---- DATASET SECTION
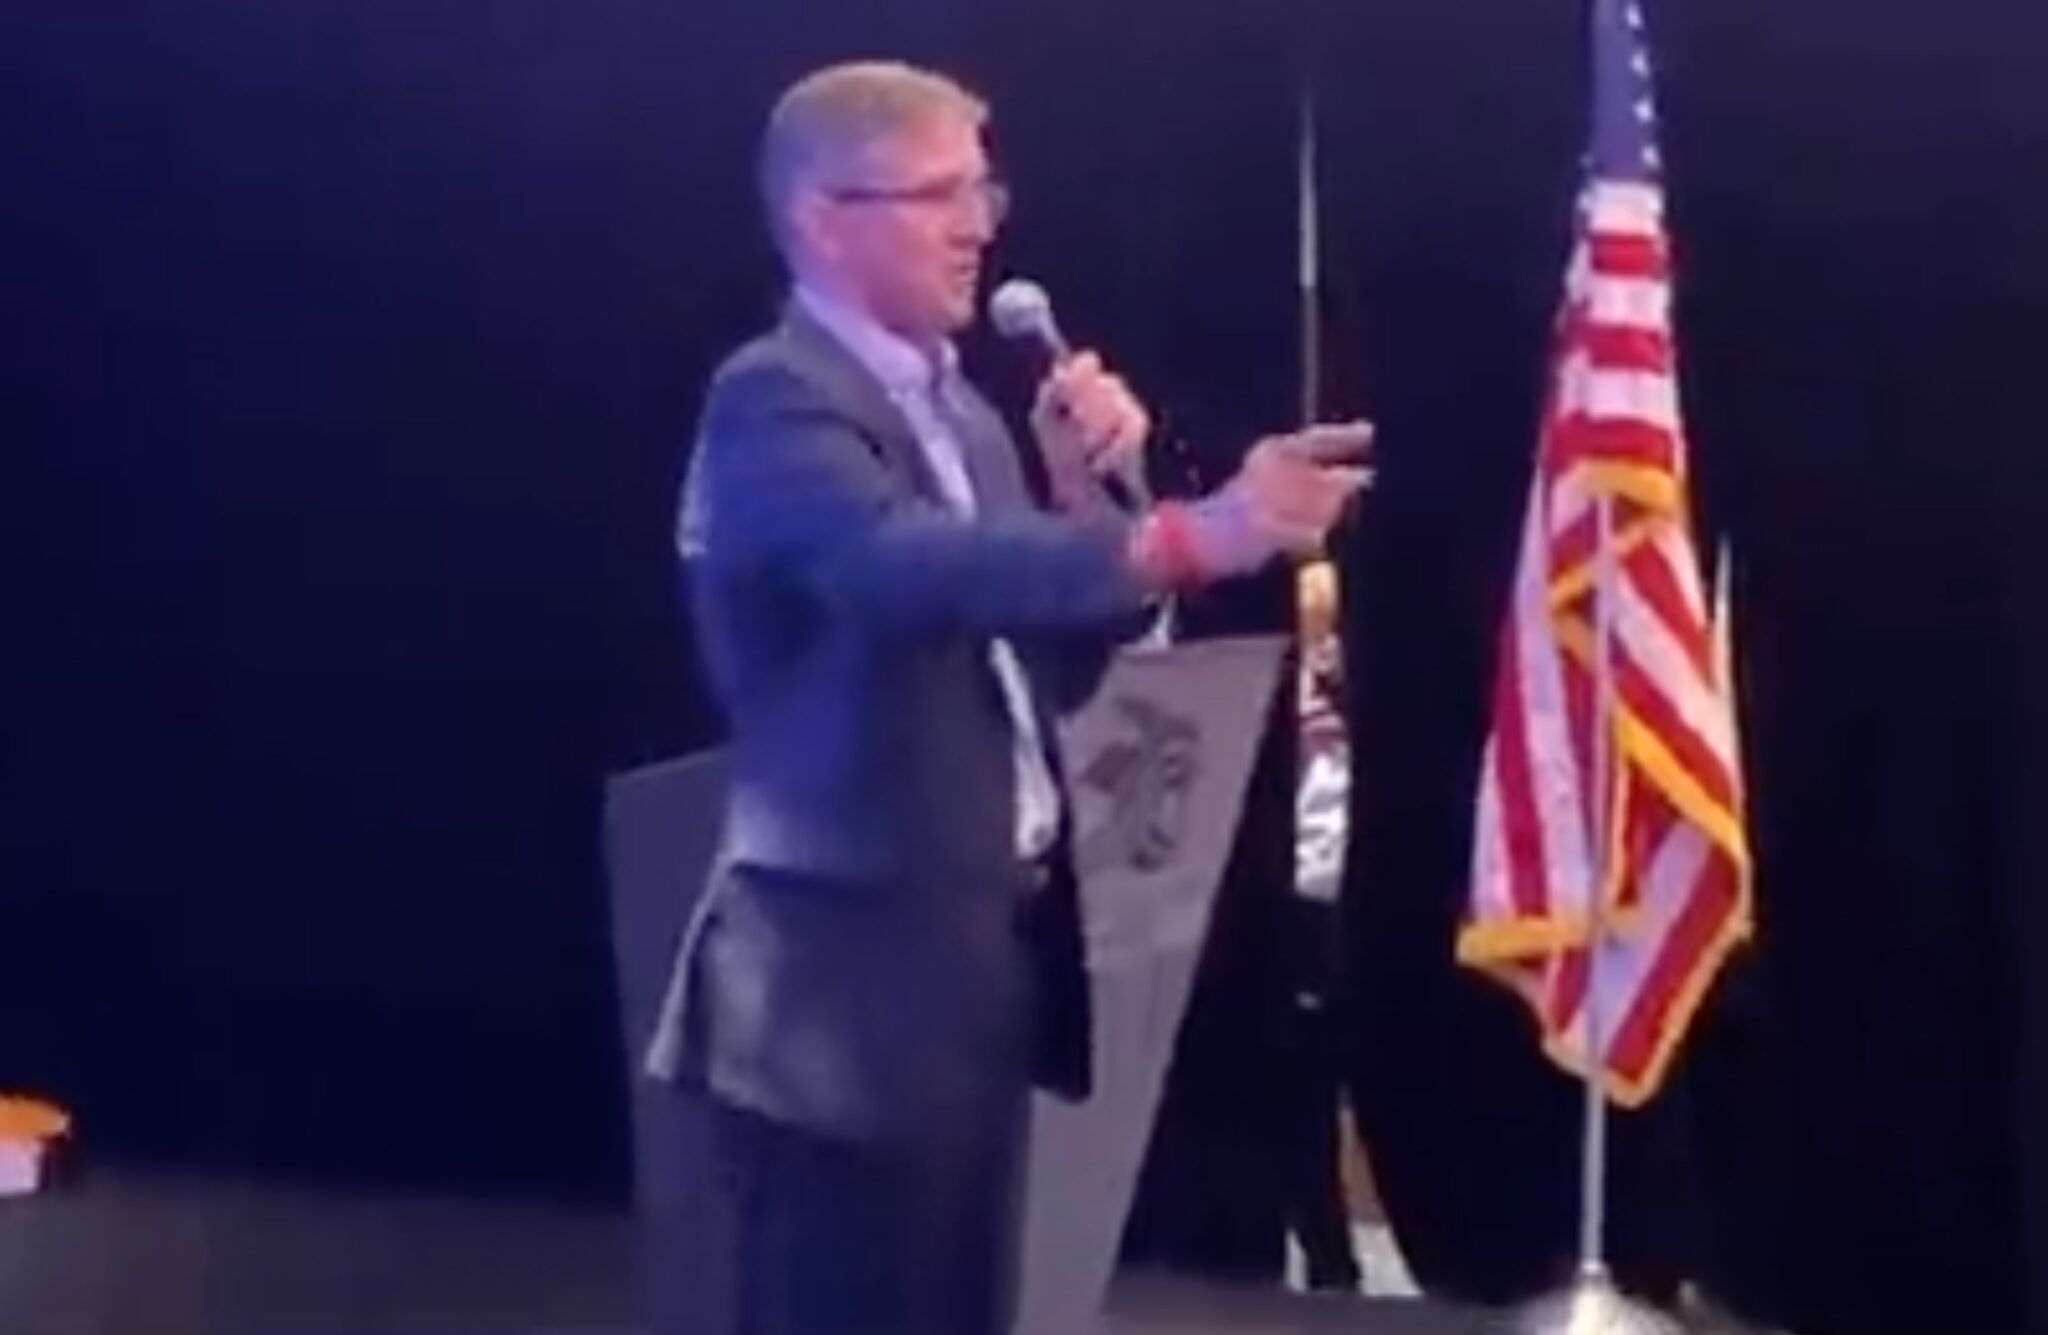 Michael Flynn Predicts State Governors Will Soon ‘Declare War’ in Shocking Arizona Campaign Speech (mediaite.com)
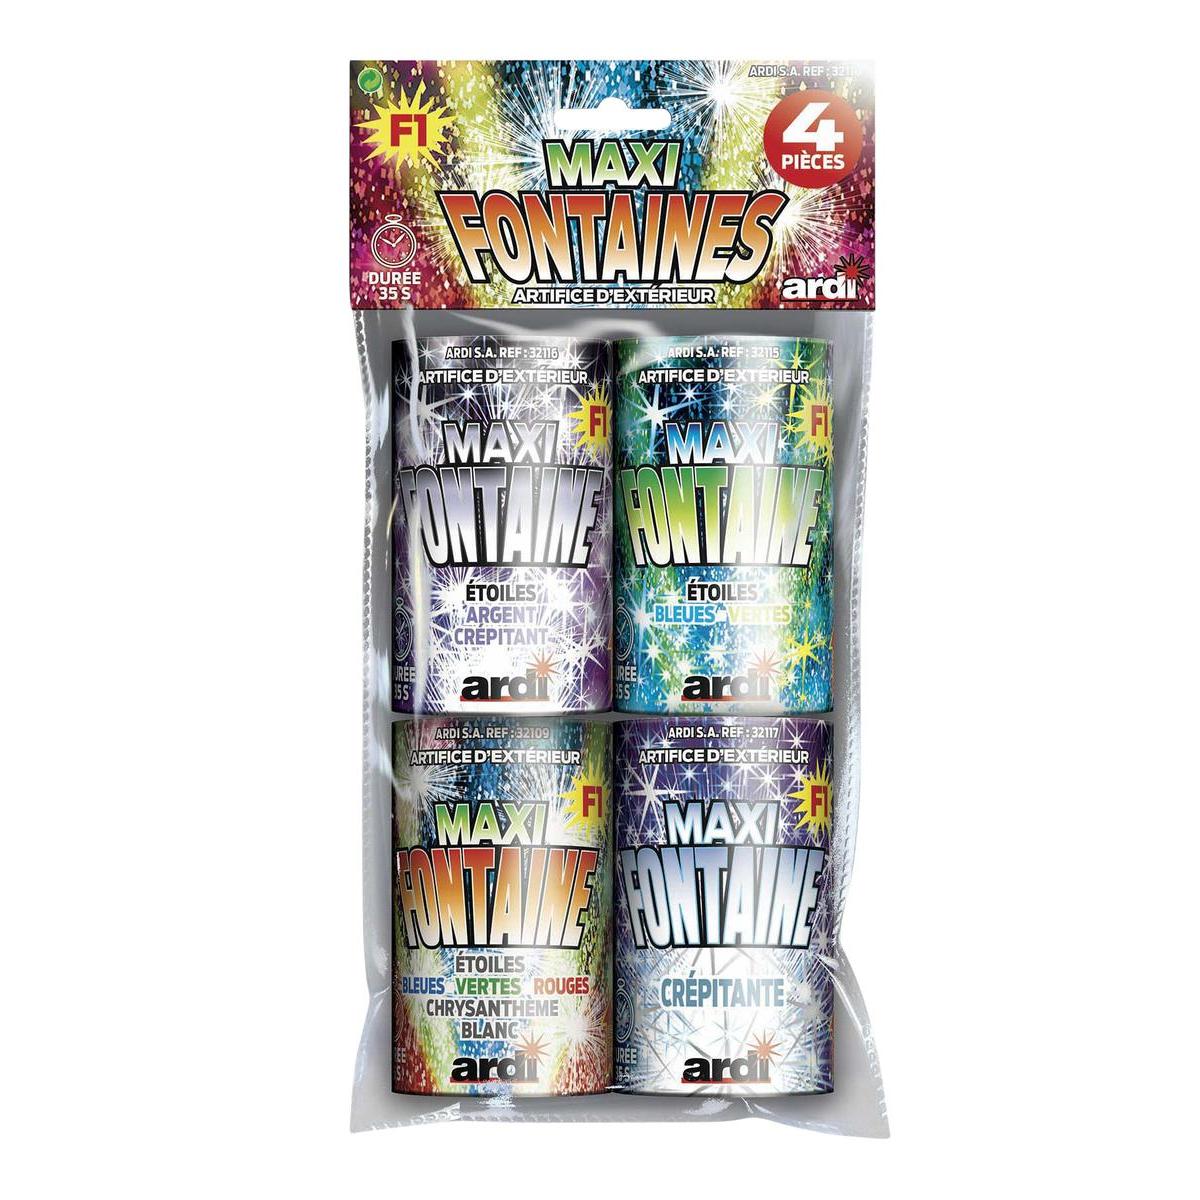 4 sachets Maxi Fontaines
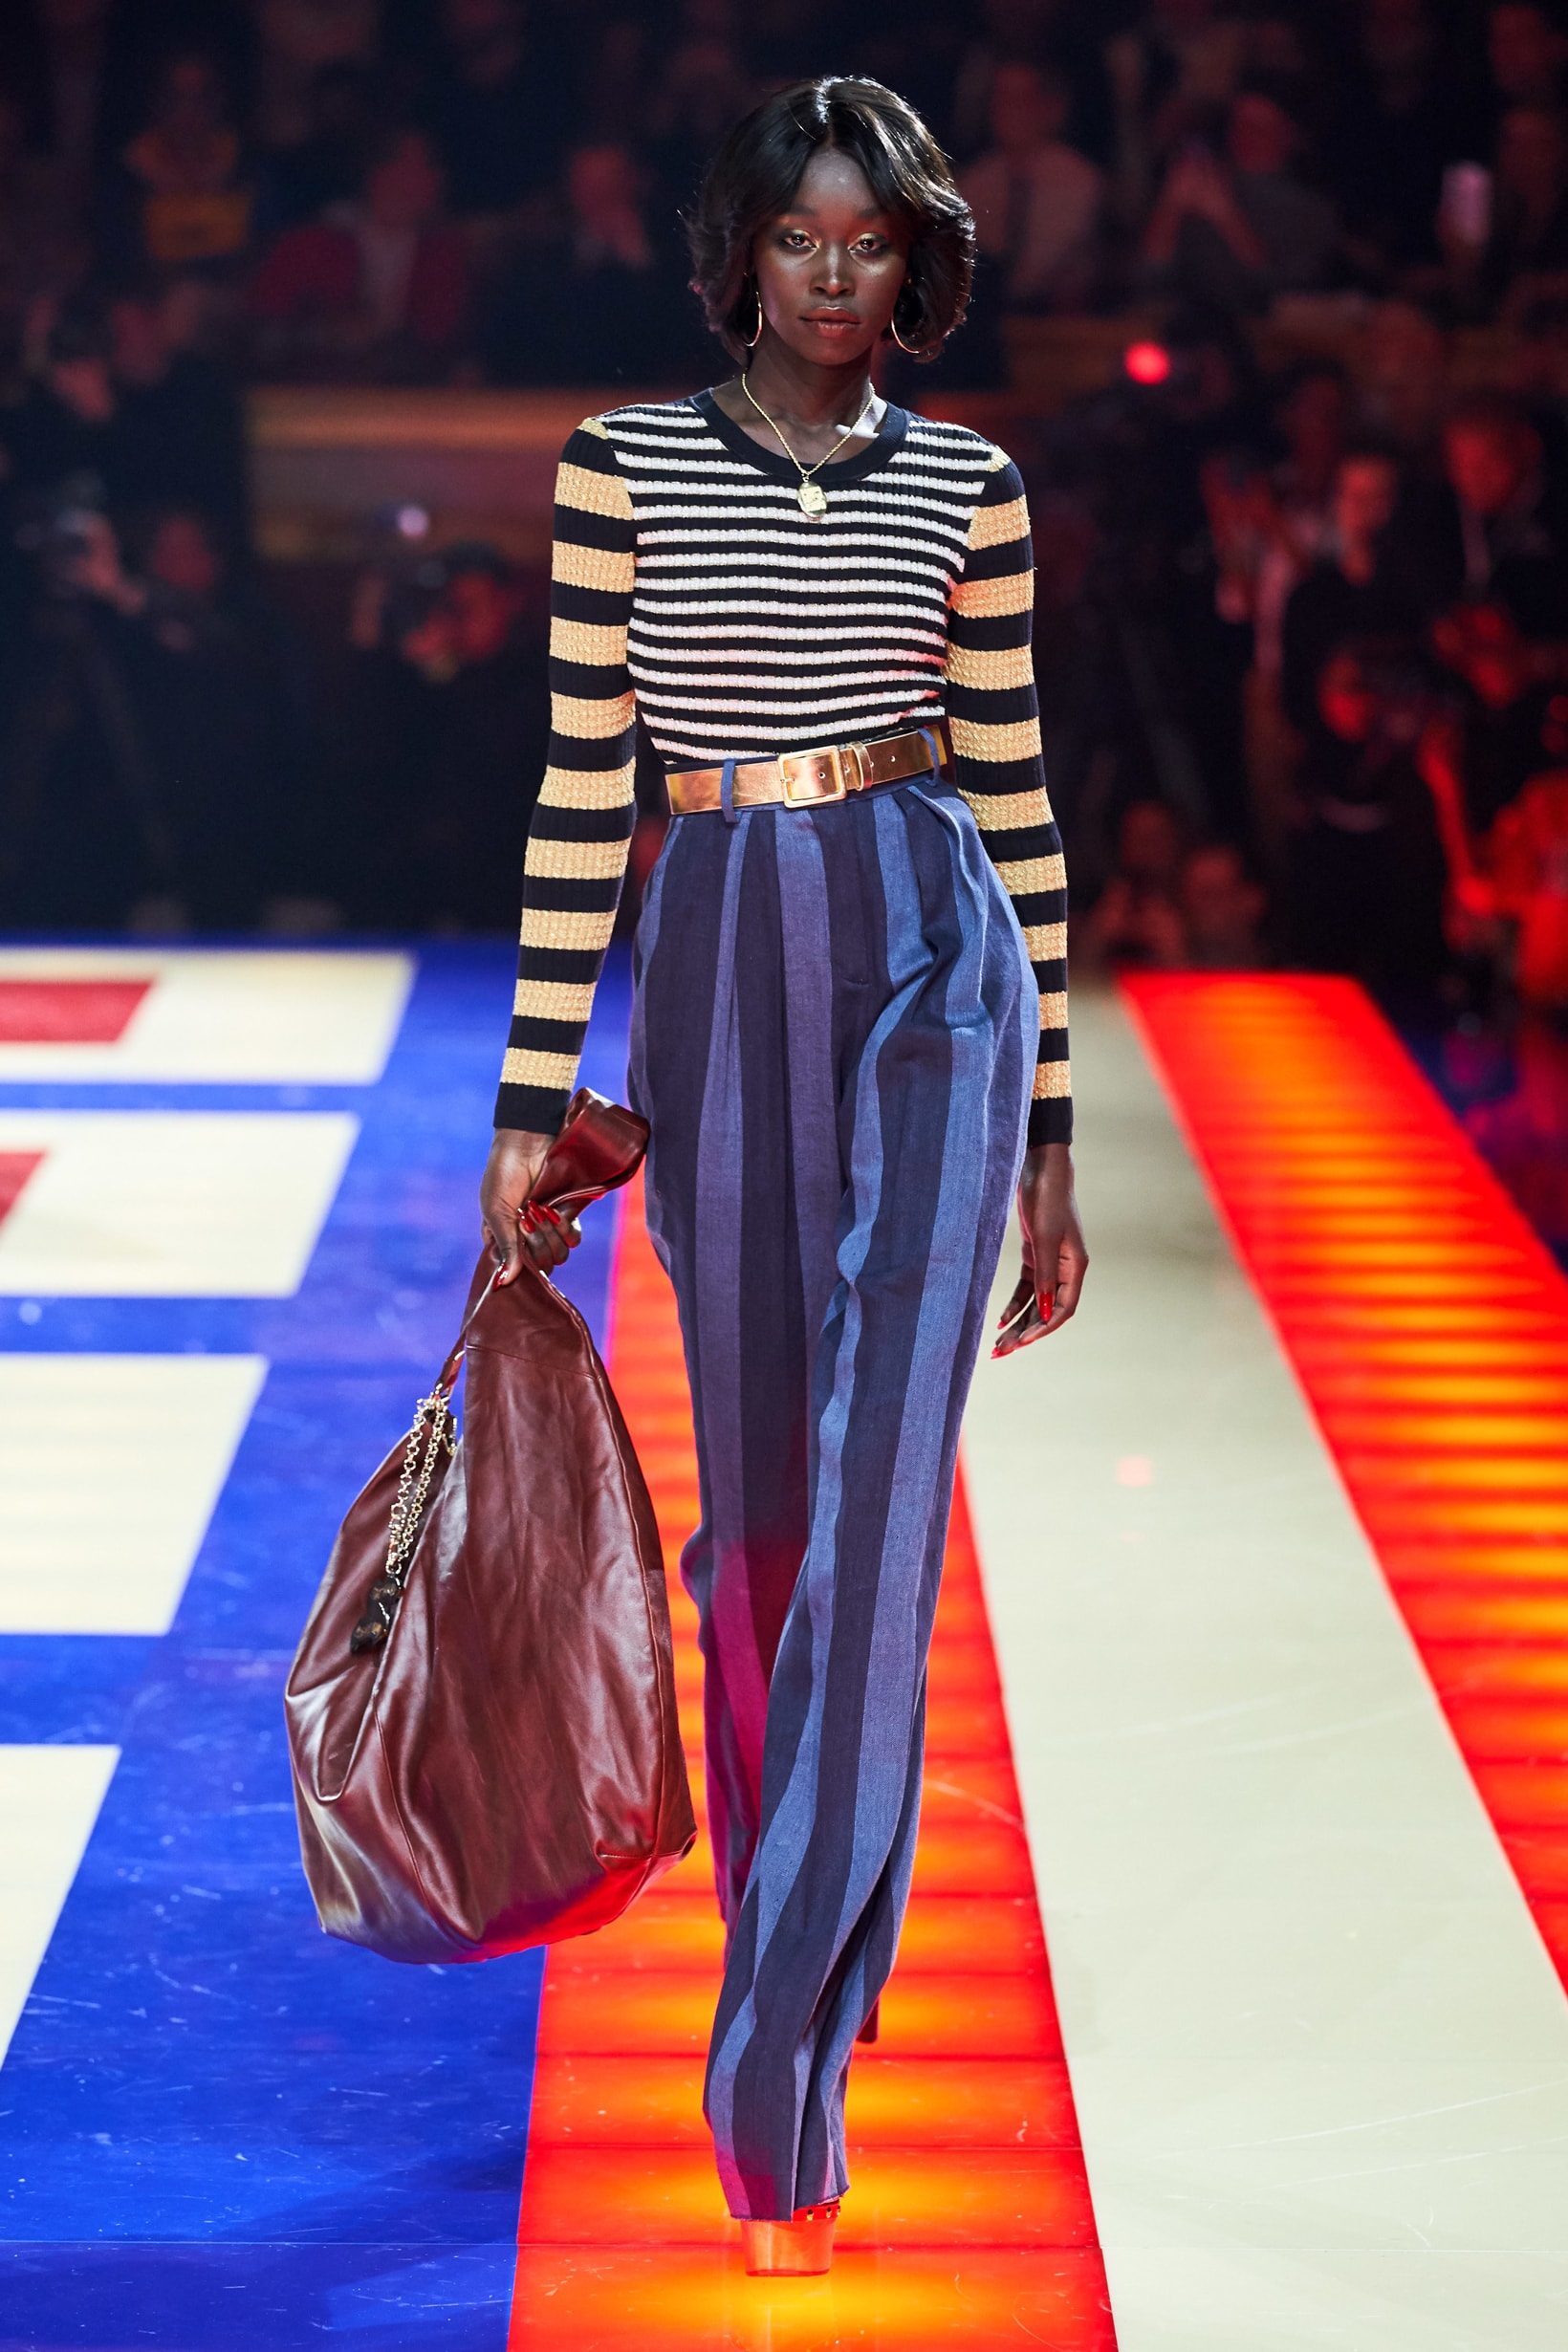 Tommy Hilfiger TommyNow Zendaya Spring 2019 Paris Fashion Week Show Collection Striped Top Yellow Brown Pants Blue
--------
Write out, exactly and only, the lines from the one containing "4 sachets Maxi Fontaines" through the last line of the material above. Pictures do not go in the copy.

 4 sachets Maxi Fontaines
 Tommy Hilfiger TommyNow Zendaya Spring 2019 Paris Fashion Week Show Collection Striped Top Yellow Brown Pants Blue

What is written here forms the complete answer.